Sunday, April 26, 2009

Southeast Engine "From the Forest to the Sea"

Southeast Engine hail from midwest and their music hails from a deeper field.  Upon first listens the use of piano and organ indicate that this isn't your usual "Hey lets smoke/drink and pretend we are doing Basement Tapes covers".  There is also a strong religious under current to the music, but more of a seasonal approach than a holier than thou angle.  When one spends time in the midwest one has a better appreciations of time, seasons, death and life.  There seems to be a shorter amount of time to make things happen when one lives there, but the midwest has a tendency to not change either despite the constant seasonal changes.  Their are superficial changes as humans progress but the basic core roots of good and evil, and the harvest never leave you if you come from the central part of the United States or spend any amount of time there.

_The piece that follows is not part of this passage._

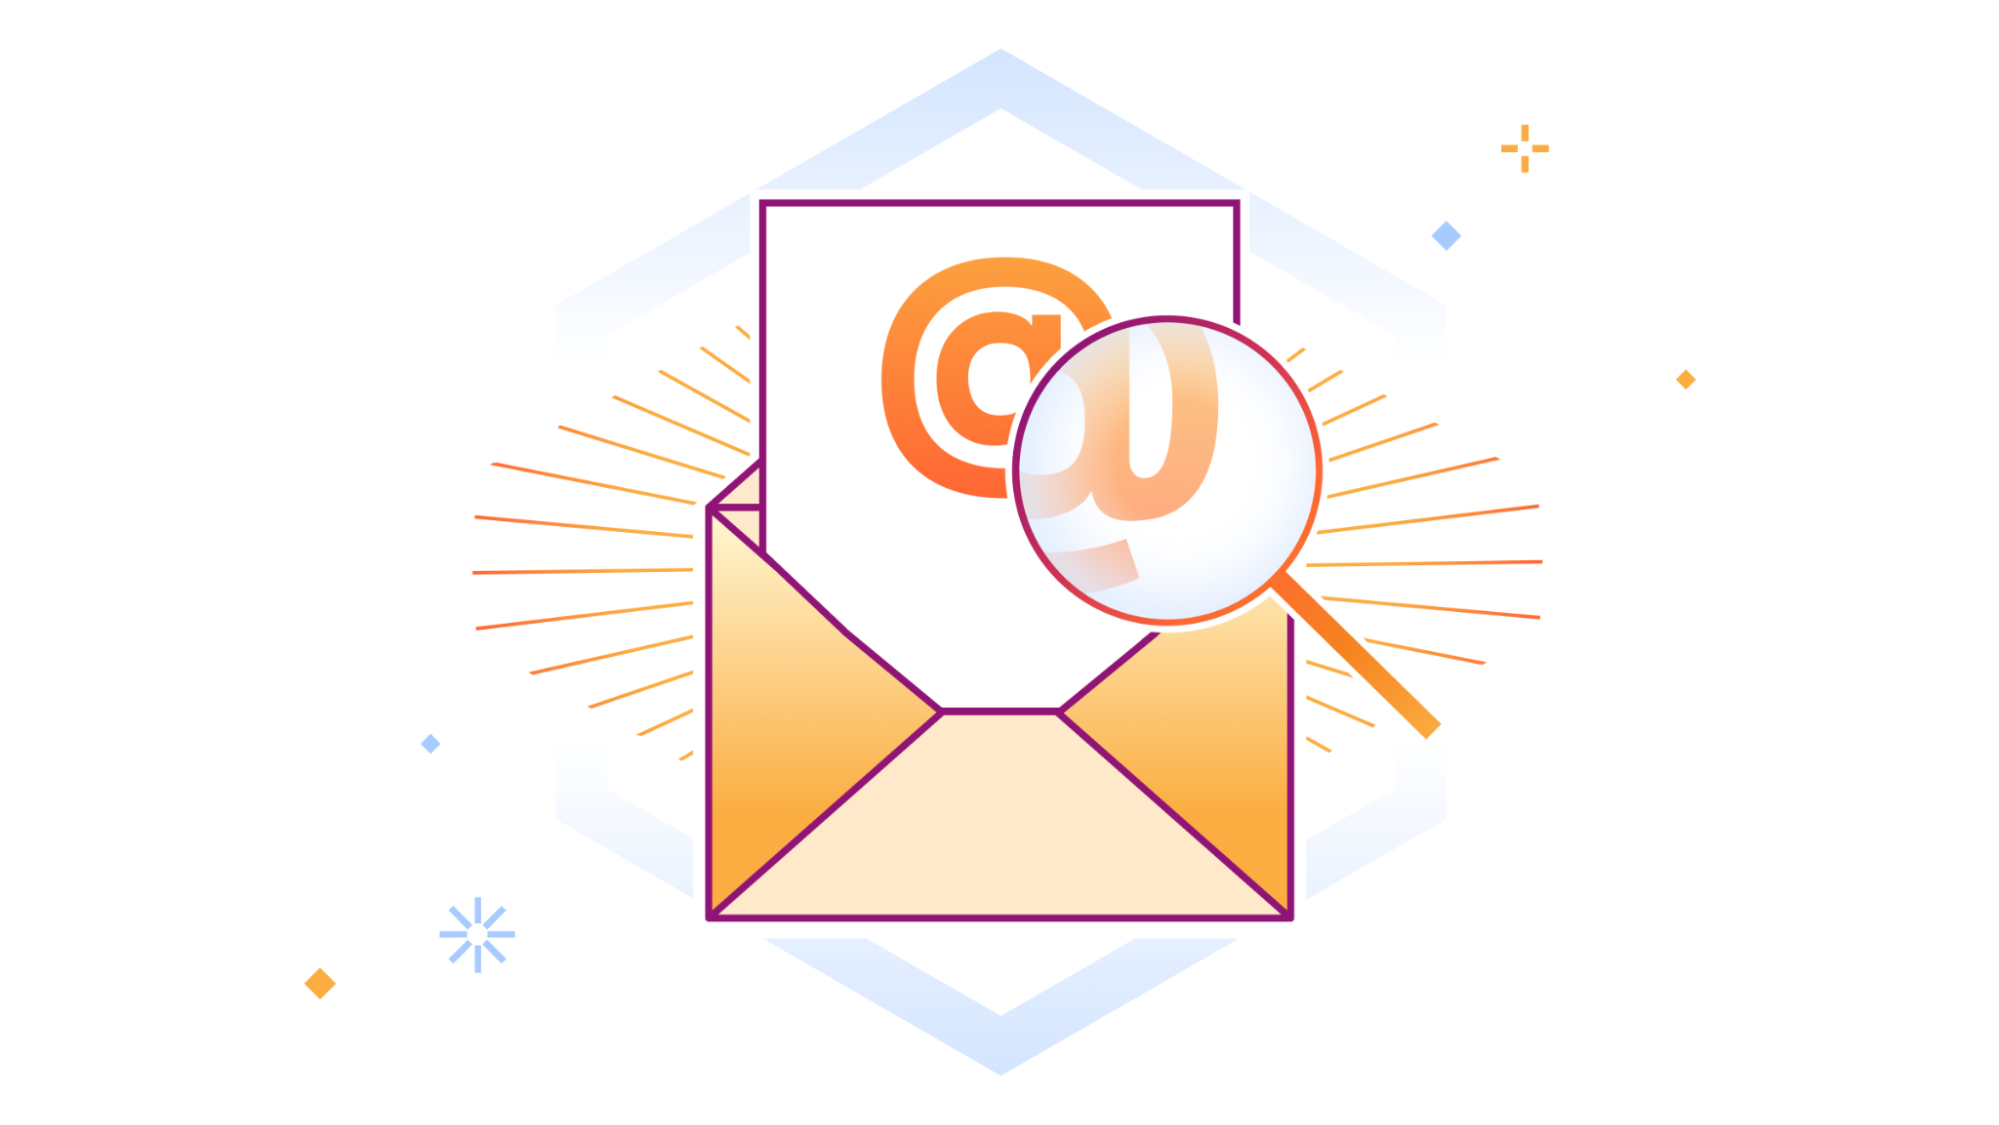 Sprawdź, jakie zagrożenia czają się w Twoich skrzynkach pocztowych usługi Office 365, korzystając ze skanowania wstecznego w narzędziu Cloudflare Email Retro Scan

The album opens with a three piece suite called The Forest, which sets the tone for the album.  Plaintitive vocals tell tales of the bible, and the people who react to them.  The only part of the first side that doesn't do much (personally) is the last song "Black Gold", lyrically it is great but it falls into a rousing indie rock approach that harkens to the Twin Tone era.  It isn't a bad song but seems like an earlier song in that they wrote.  There is a gentle pain that guides this album that gives it the sensation of being there when you need it.  This isn't Saturday night music but is definitely Sunday morning "skipping church" music and I look forward to their growth.

Thursday, April 2, 2009

Beware- Bonnie Prince Billy

I have had a love/hate relationship for years with Will Oldham.  Part of me has never liked the rustic mumblings of his early work as Palace, but part of me kept trying to figure out what he was saying.  This new album under his current working project of Bonnie Prince Billy has been labeled a country rock/outlaw country album and I think that is more misleading.  If you wanted to hang a label on this I would say it  has more of a Bakersfield sound than anything else.  Will has lined some of Chicago's finest jazz musicians to create a musically challenging backdrop to his beat poet/country hybrid.   The lyrics volley back and forth between traditional country fare and his odd ball philosophical entrapments that make his best work so captivating.

I am not quite sure what the next step in Bonnie Prince Billy's journey is but I am more than willing to follow.